━━━━━ PROVIDED DATA

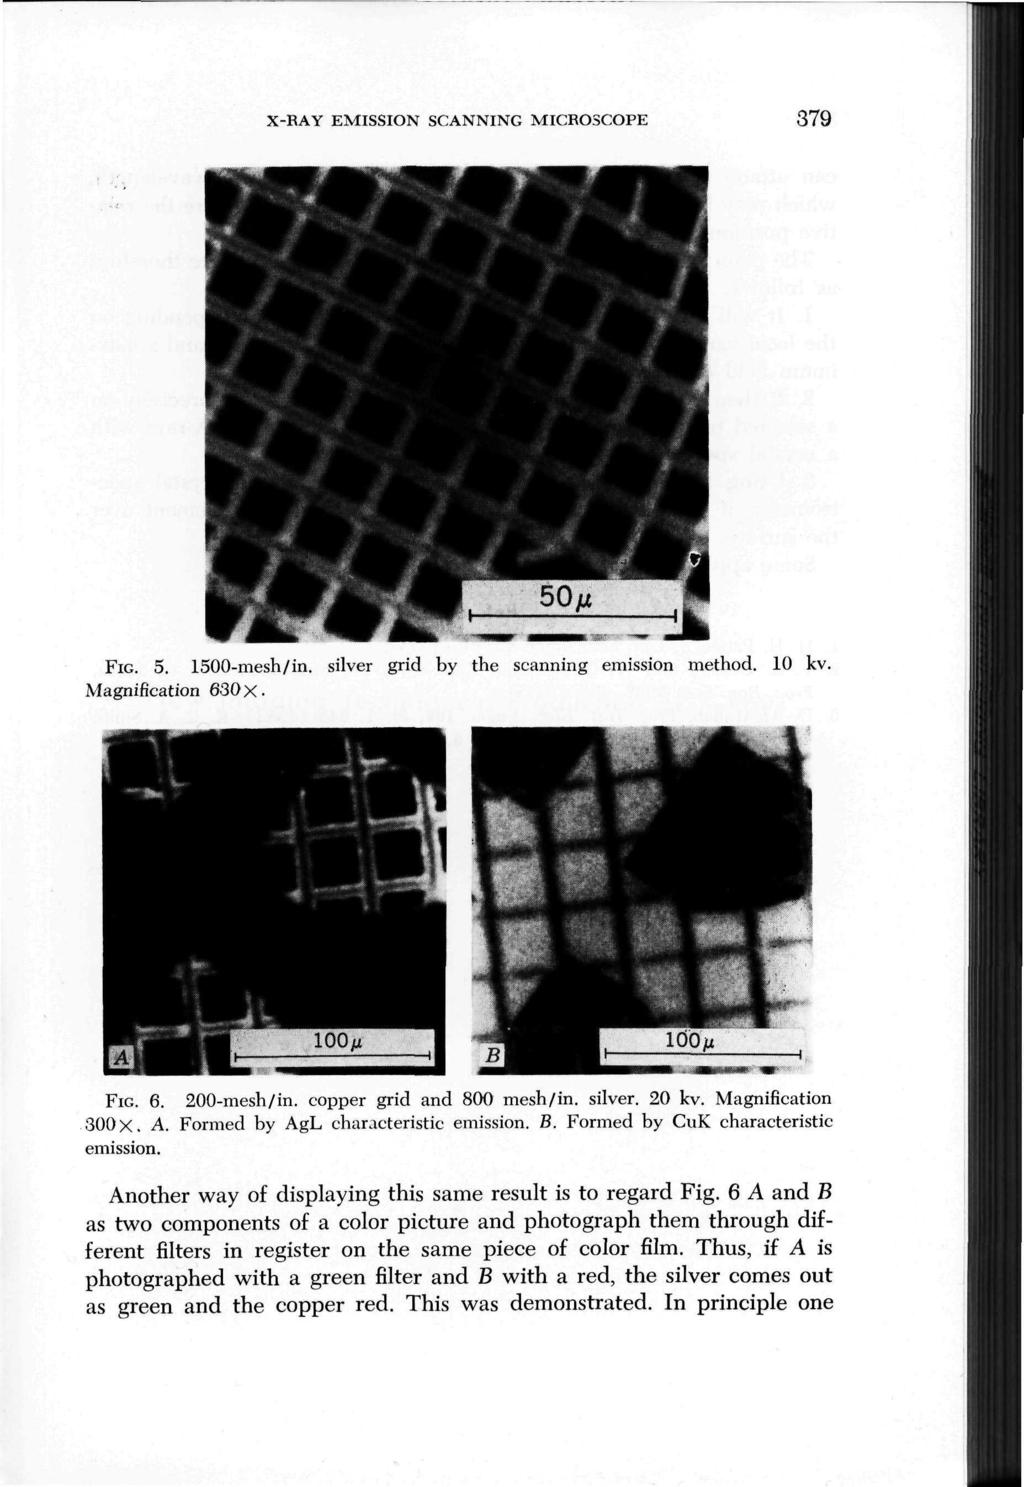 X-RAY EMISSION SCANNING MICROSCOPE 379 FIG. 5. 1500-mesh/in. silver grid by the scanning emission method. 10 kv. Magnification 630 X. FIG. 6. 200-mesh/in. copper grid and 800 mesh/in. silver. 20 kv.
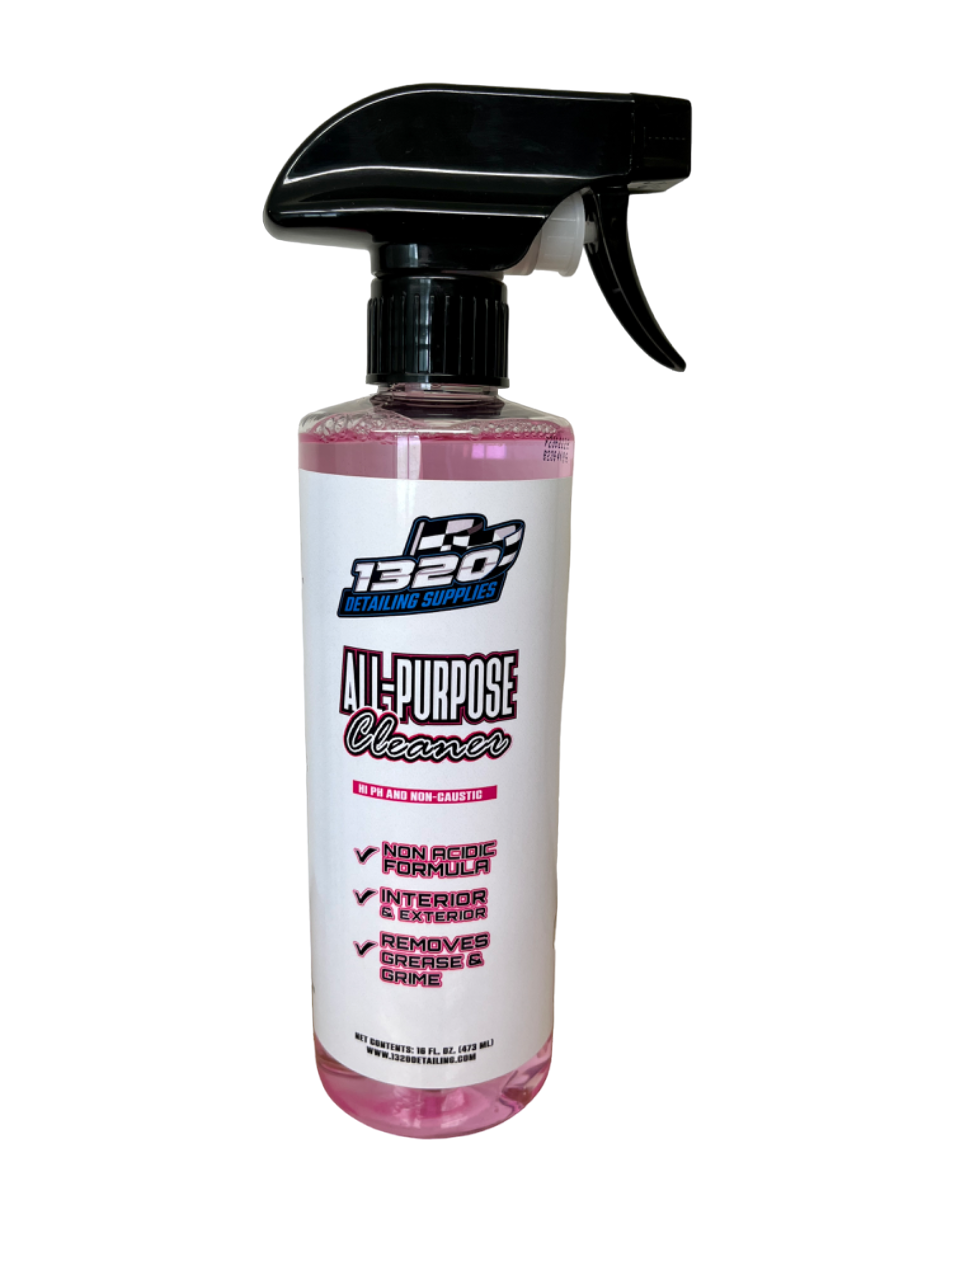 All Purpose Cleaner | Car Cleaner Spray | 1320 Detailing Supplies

━━━━━━━━━━
━━━━━ PROVIDED DATA

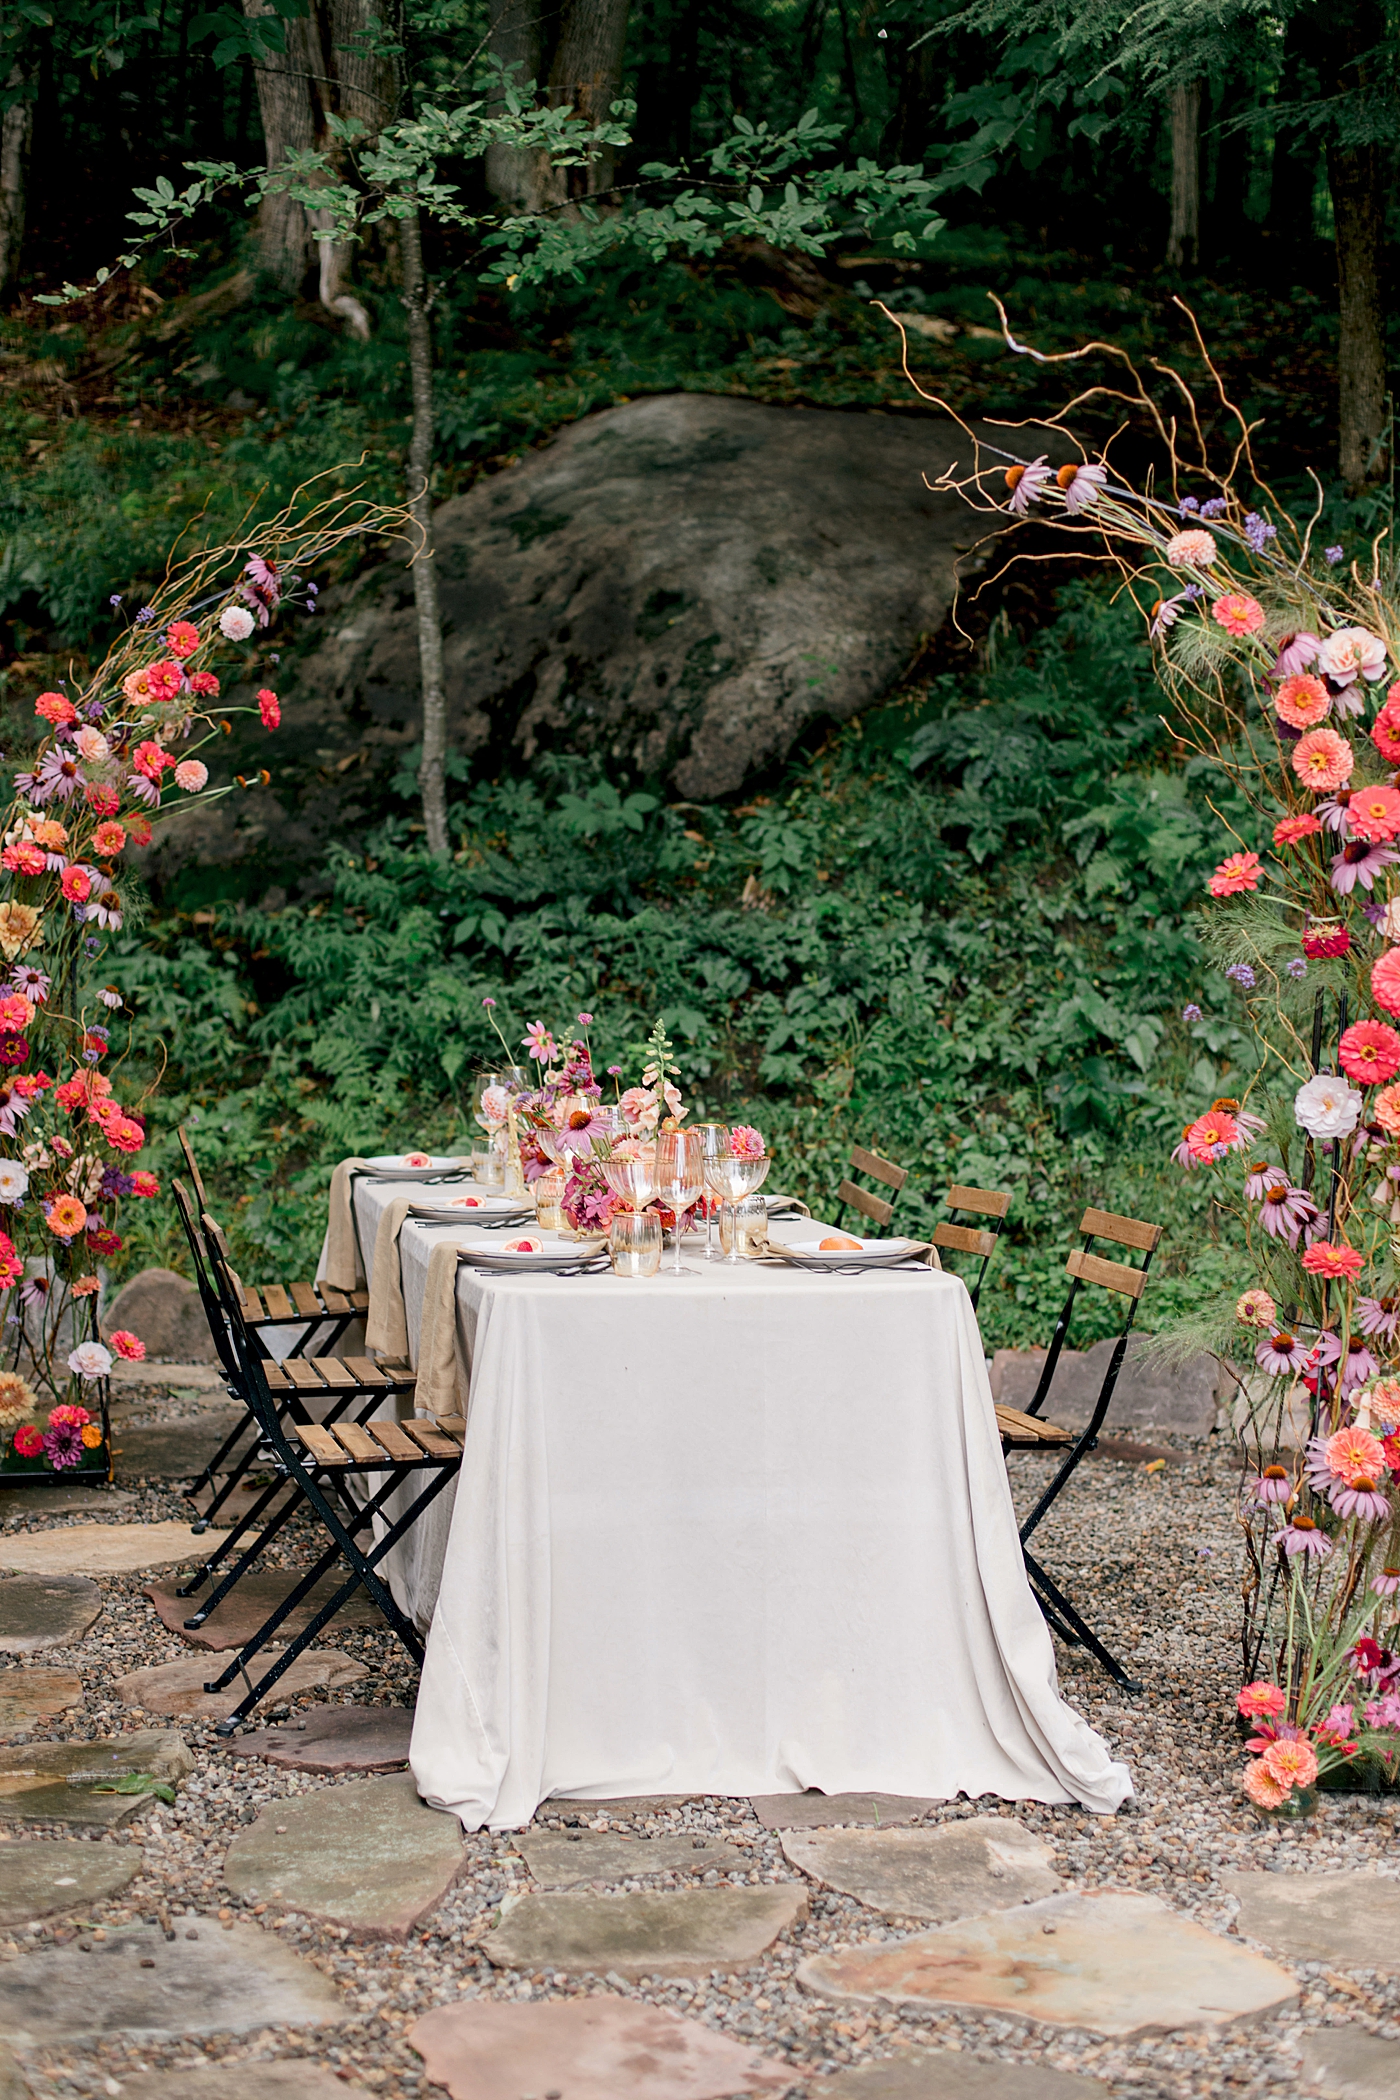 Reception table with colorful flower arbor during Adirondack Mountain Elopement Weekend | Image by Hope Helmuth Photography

━━━━━━━━━━

ABOUT THIS EXERCISE
Above are the records; return the lines in them from the one with "X-RAY EMISSION SCANNING" to the one with "All Purpose Cleaner", inclusive, exactly and without images.

RESPONSE
 X-RAY EMISSION SCANNING MICROSCOPE 379 FIG. 5. 1500-mesh/in. silver grid by the scanning emission method. 10 kv. Magnification 630 X. FIG. 6. 200-mesh/in. copper grid and 800 mesh/in. silver. 20 kv.
 All Purpose Cleaner | Car Cleaner Spray | 1320 Detailing Supplies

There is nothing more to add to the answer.